=== Begin Enclosure ===
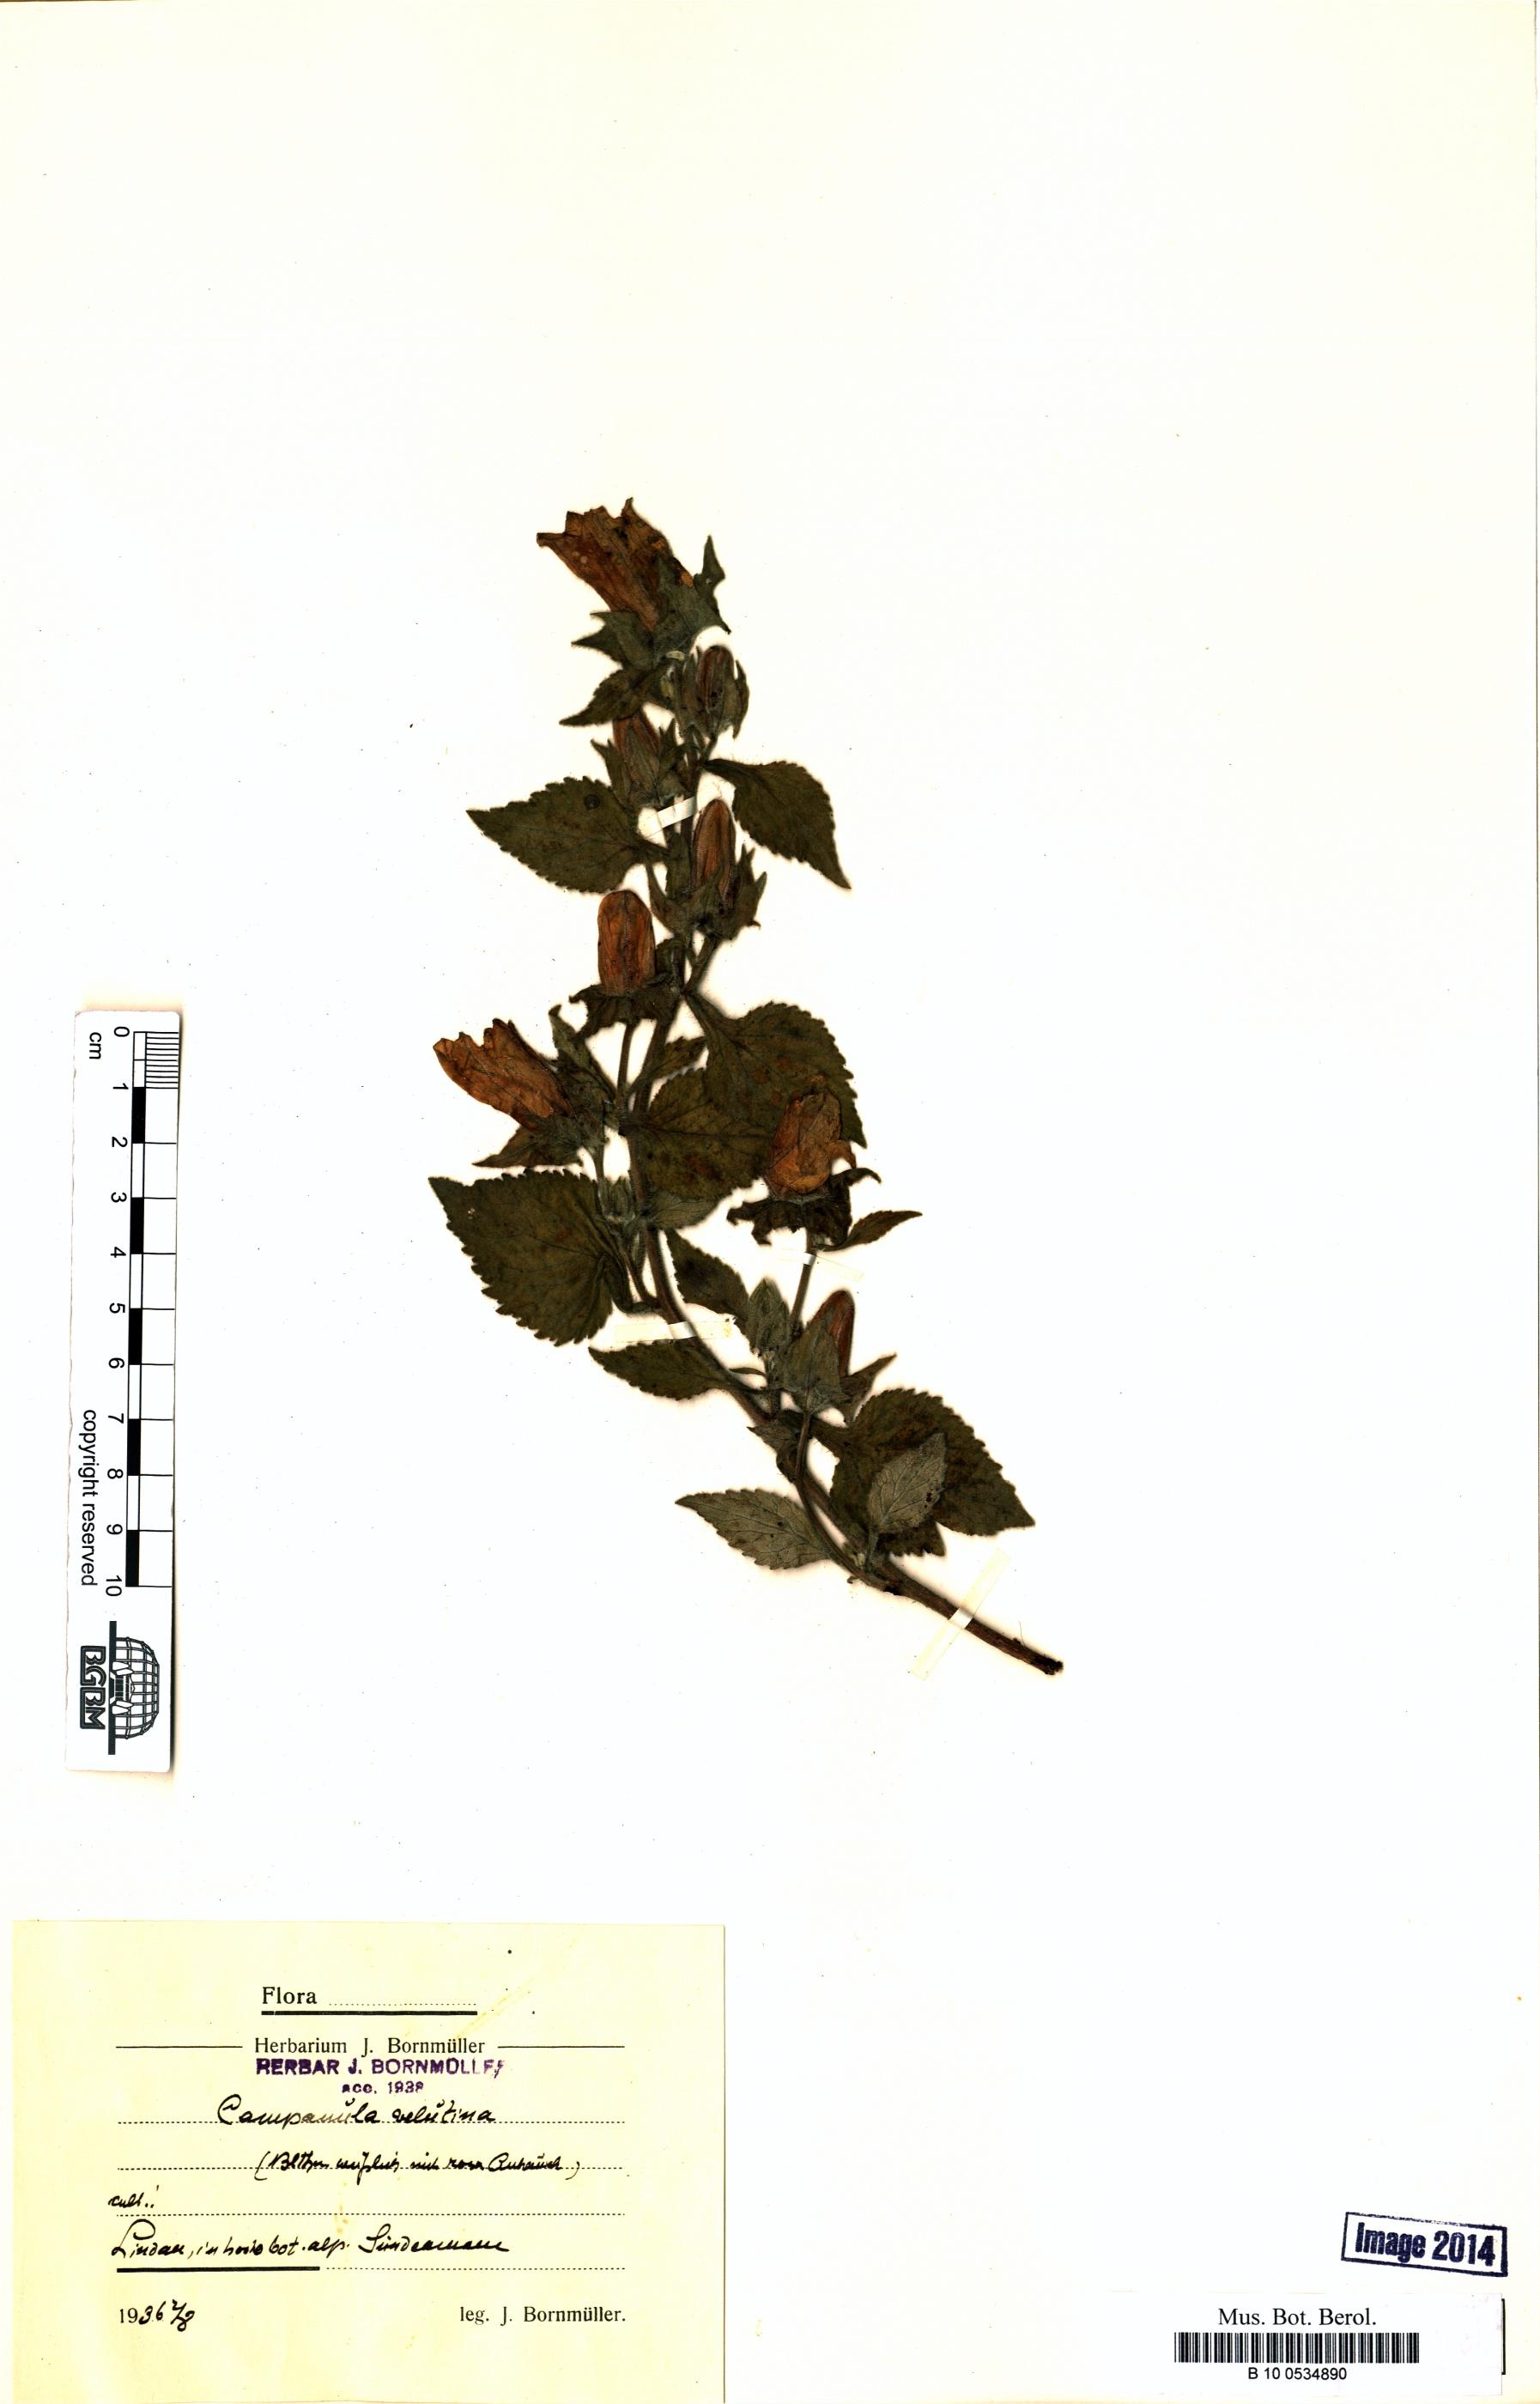 http://ww2.bgbm.org/herbarium/images/B/10/05/34/89/B_10_0534890.jpg
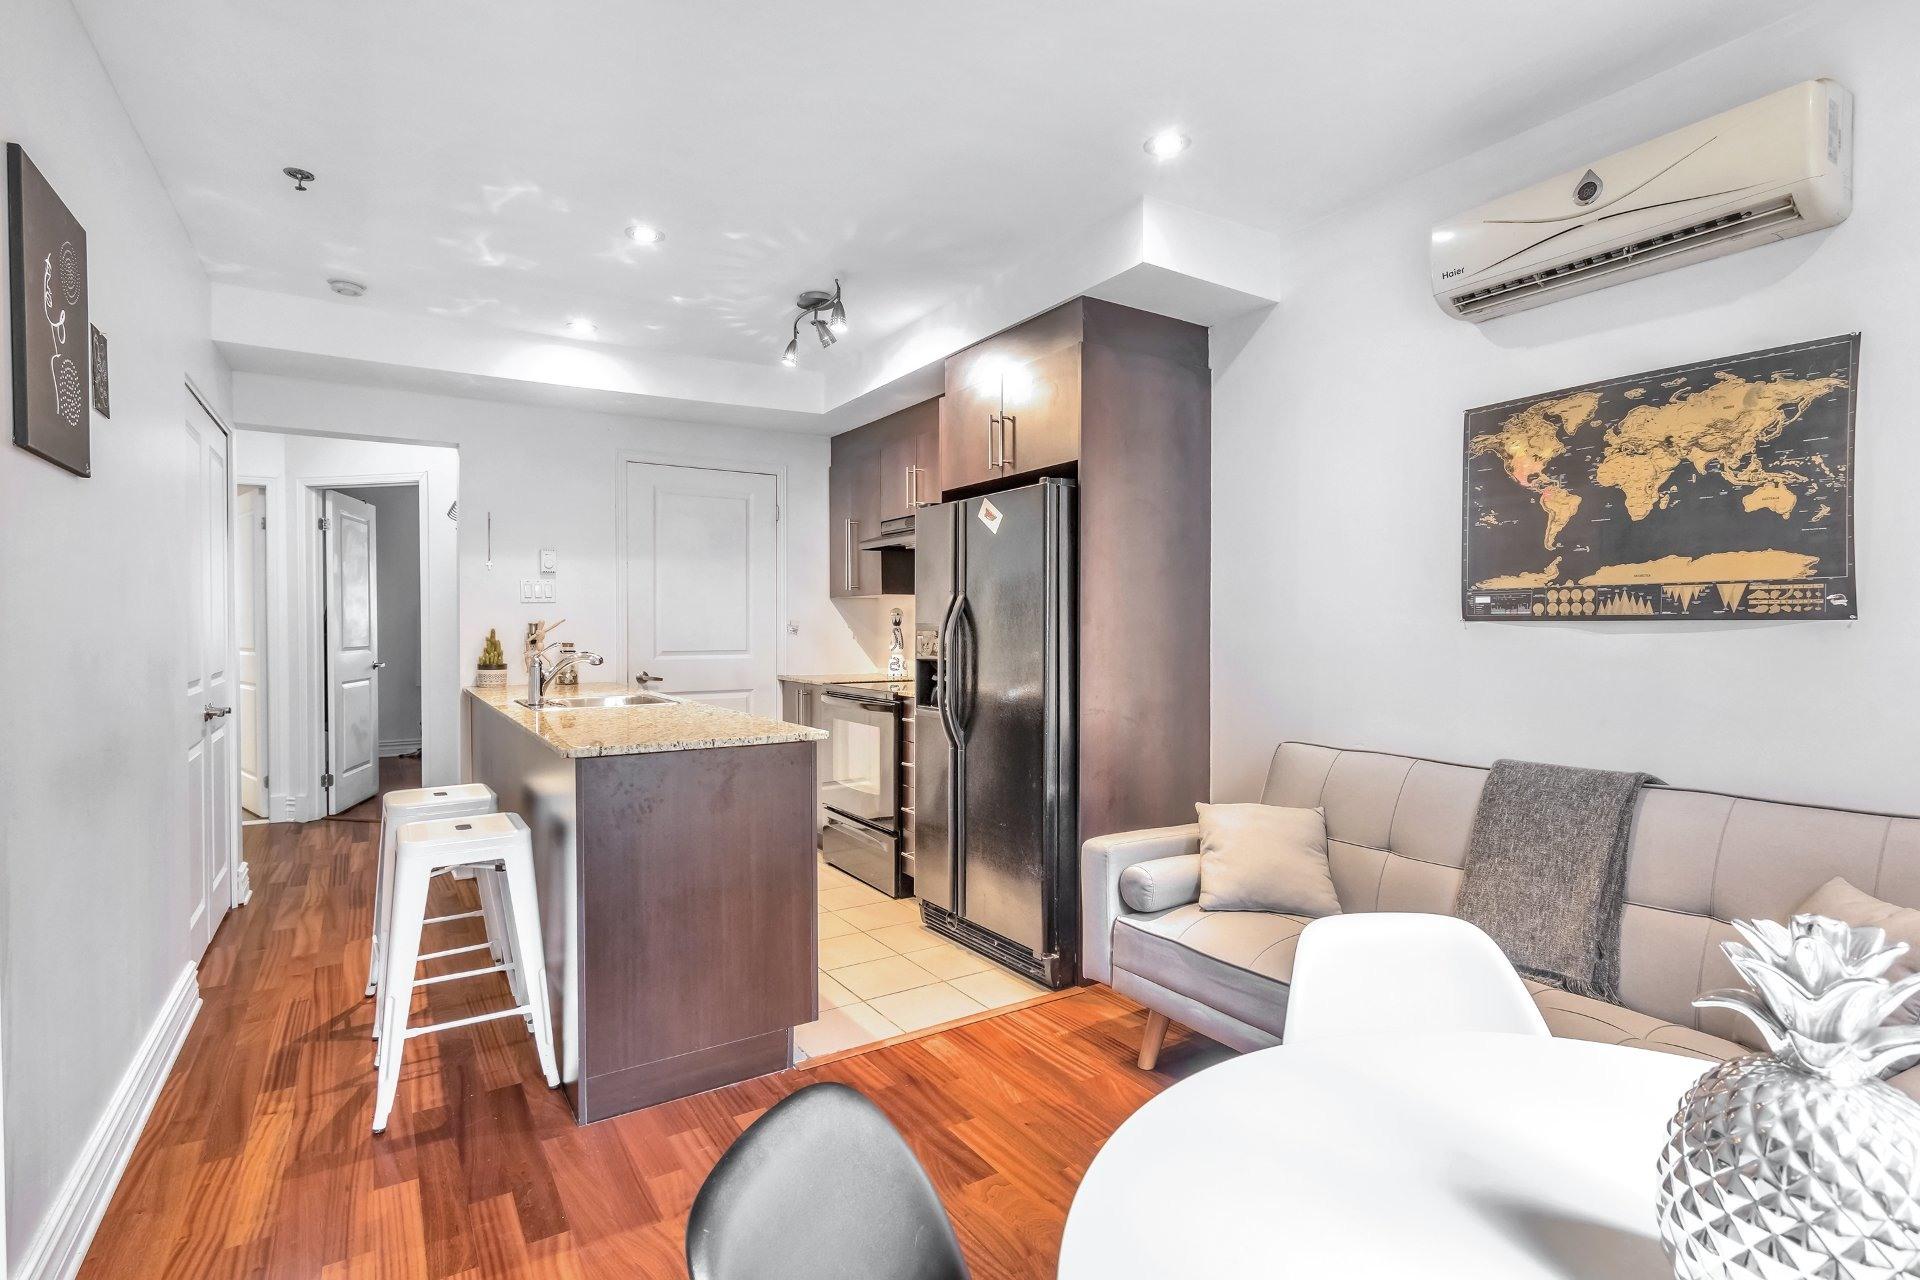 image 5 - Departamento En venta Le Plateau-Mont-Royal Montréal  - 3 habitaciones
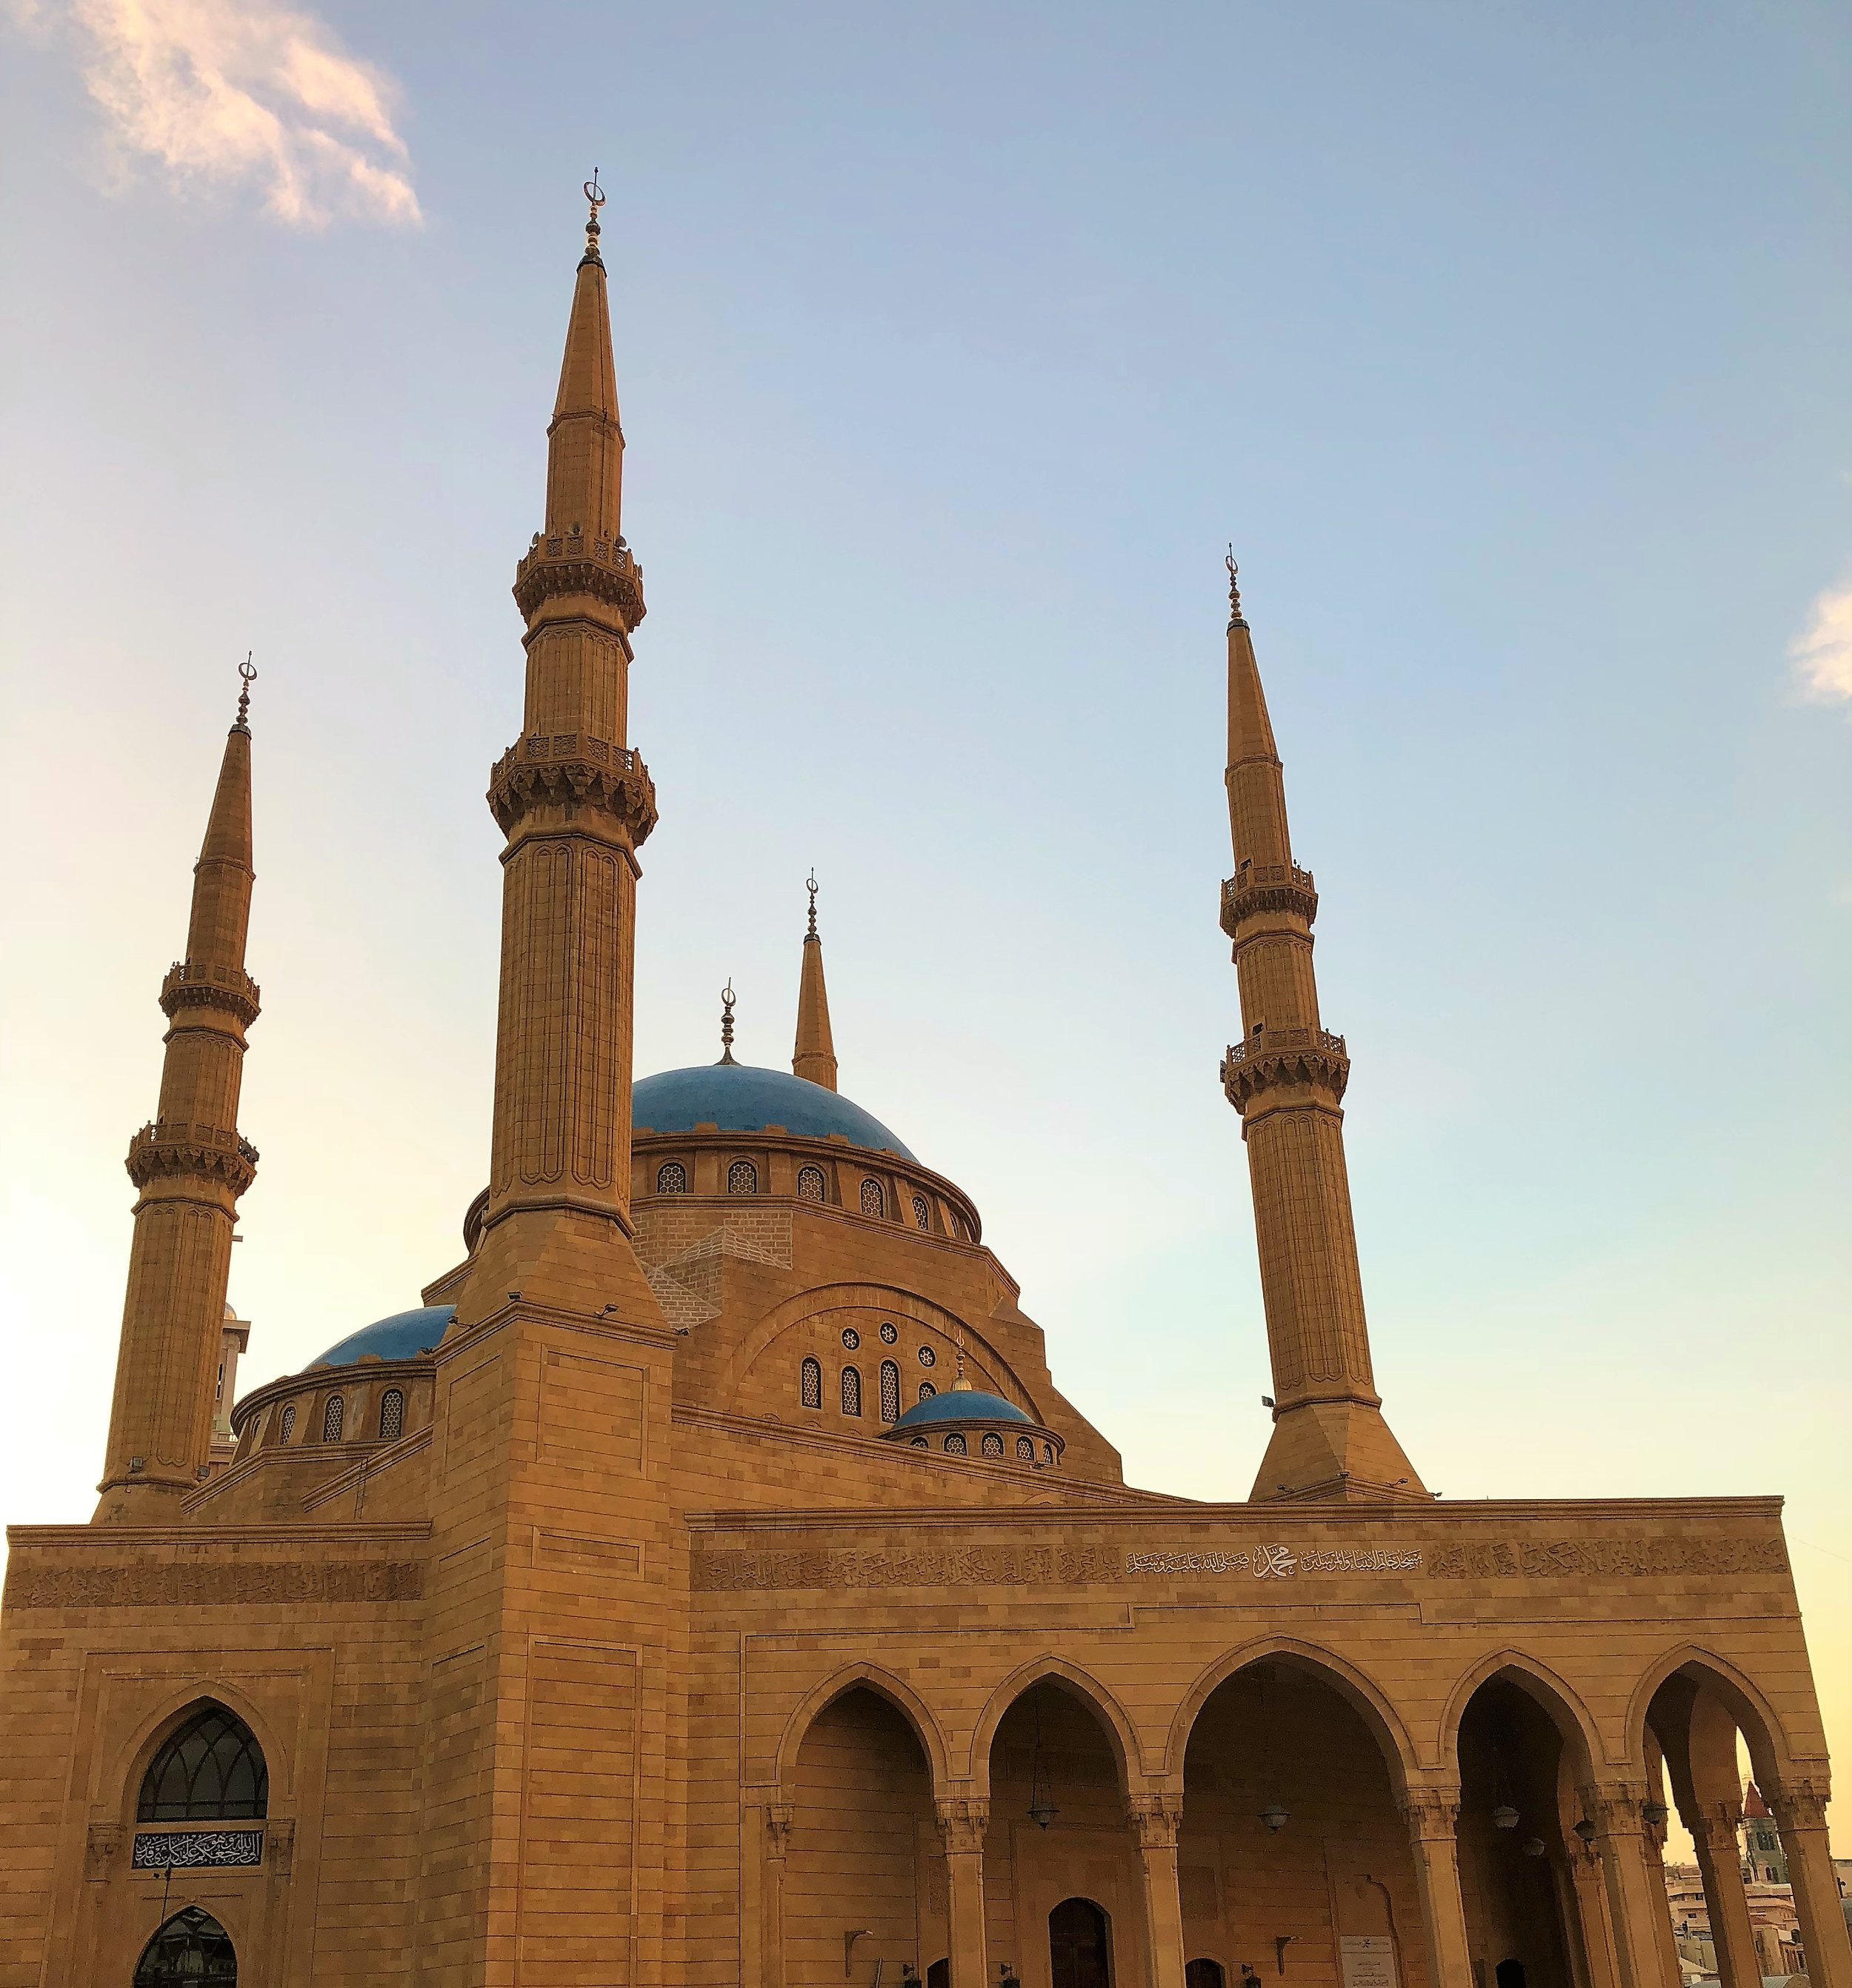 Mohamad al-Amin Mosque
=== End Enclosure ===
Leaving the pictures out, output all of the listing exactly.

● **Solution to this task**:
 http://ww2.bgbm.org/herbarium/images/B/10/05/34/89/B_10_0534890.jpg
 image 5 - Departamento En venta Le Plateau-Mont-Royal Montréal  - 3 habitaciones
 Mohamad al-Amin Mosque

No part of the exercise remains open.